The value of the F-1 score.

Return type

f1 (float)

fall_out(y_true: numpy.array, y_score: numpy.array)float[source]

Calculate the fall out (duplicate of false_positive_rate()).

Parameters
  • y_true (array-like) – An N x 1 array of ground truth values.

  • y_score (array-like) – An N x 1 array of predicted values.

Returns

The fall out value.

Return type

fpr (float)

false_discovery_rate(y_true: numpy.array, y_score: numpy.array)float[source]

Calculate the false discovery rate.

Parameters
  • y_true (array-like) – An N x 1 array of ground truth values.

  • y_score (array-like) – An N x 1 array of predicted values.

Returns

The false discovery rate value.

Return type

fdr (float)

false_negative(y_true: numpy.array, y_score: numpy.array)float[source]
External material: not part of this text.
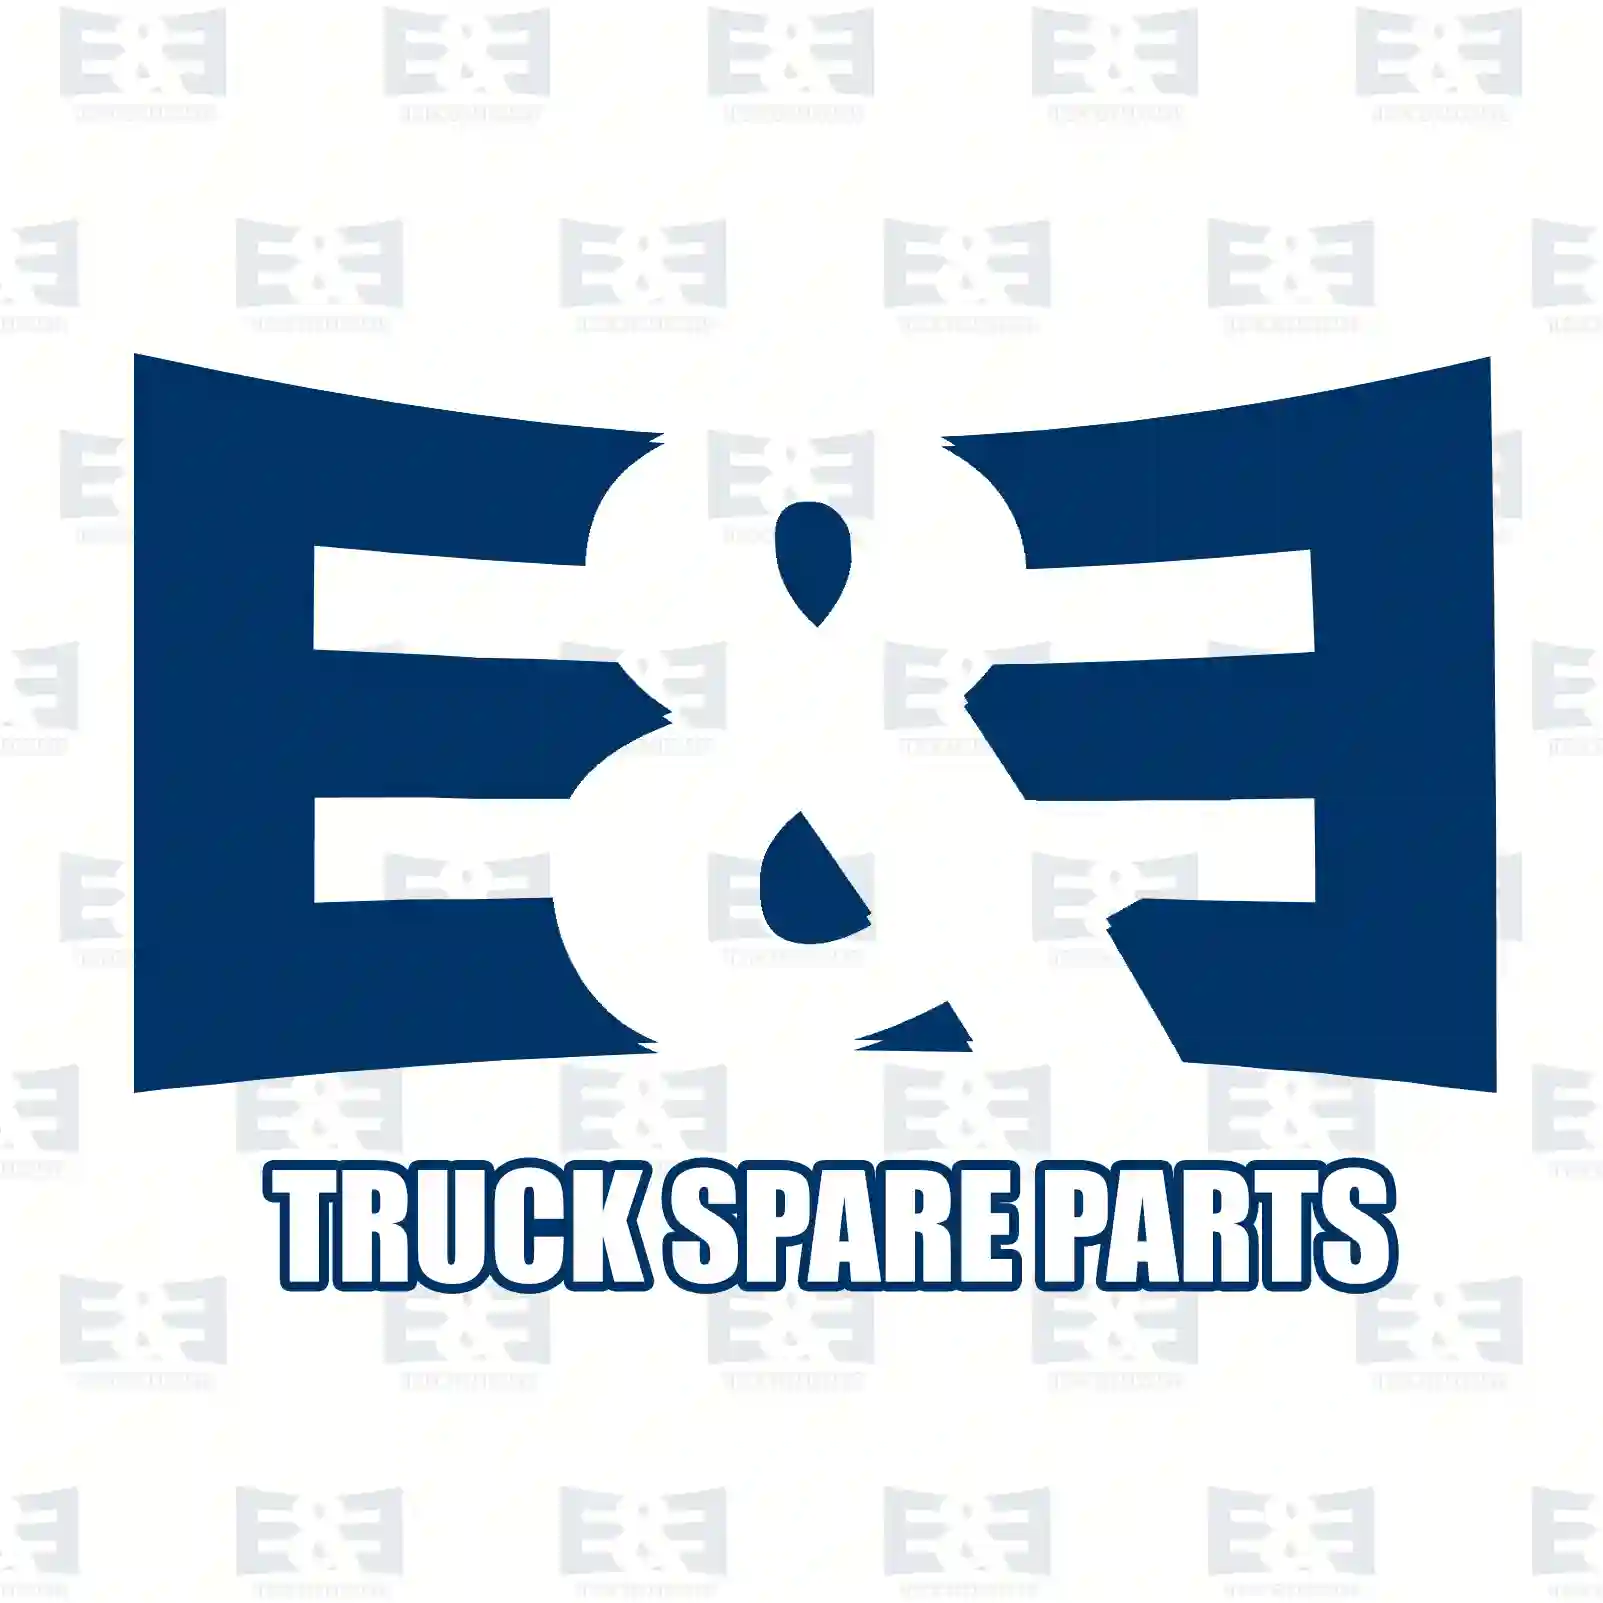 Gasket, gearbox housing, 2E2277203, 1407551, ZG30495-0008 ||  2E2277203 E&E Truck Spare Parts | Truck Spare Parts, Auotomotive Spare Parts Gasket, gearbox housing, 2E2277203, 1407551, ZG30495-0008 ||  2E2277203 E&E Truck Spare Parts | Truck Spare Parts, Auotomotive Spare Parts

Calculate the number of false negatives.

Parameters
  • y_true (array-like) – An N x 1 array of ground truth values.

  • y_score (array-like) – An N x 1 array of predicted values.

Returns

The number of false negatives.

Return type

fn (float)

false_negative_rate(y_true: numpy.array, y_score: numpy.array)float[source]

Calculate the false negative rate (duplicated in miss_rate()).

Parameters
  • y_true (array-like) – An N x 1 array of ground truth values.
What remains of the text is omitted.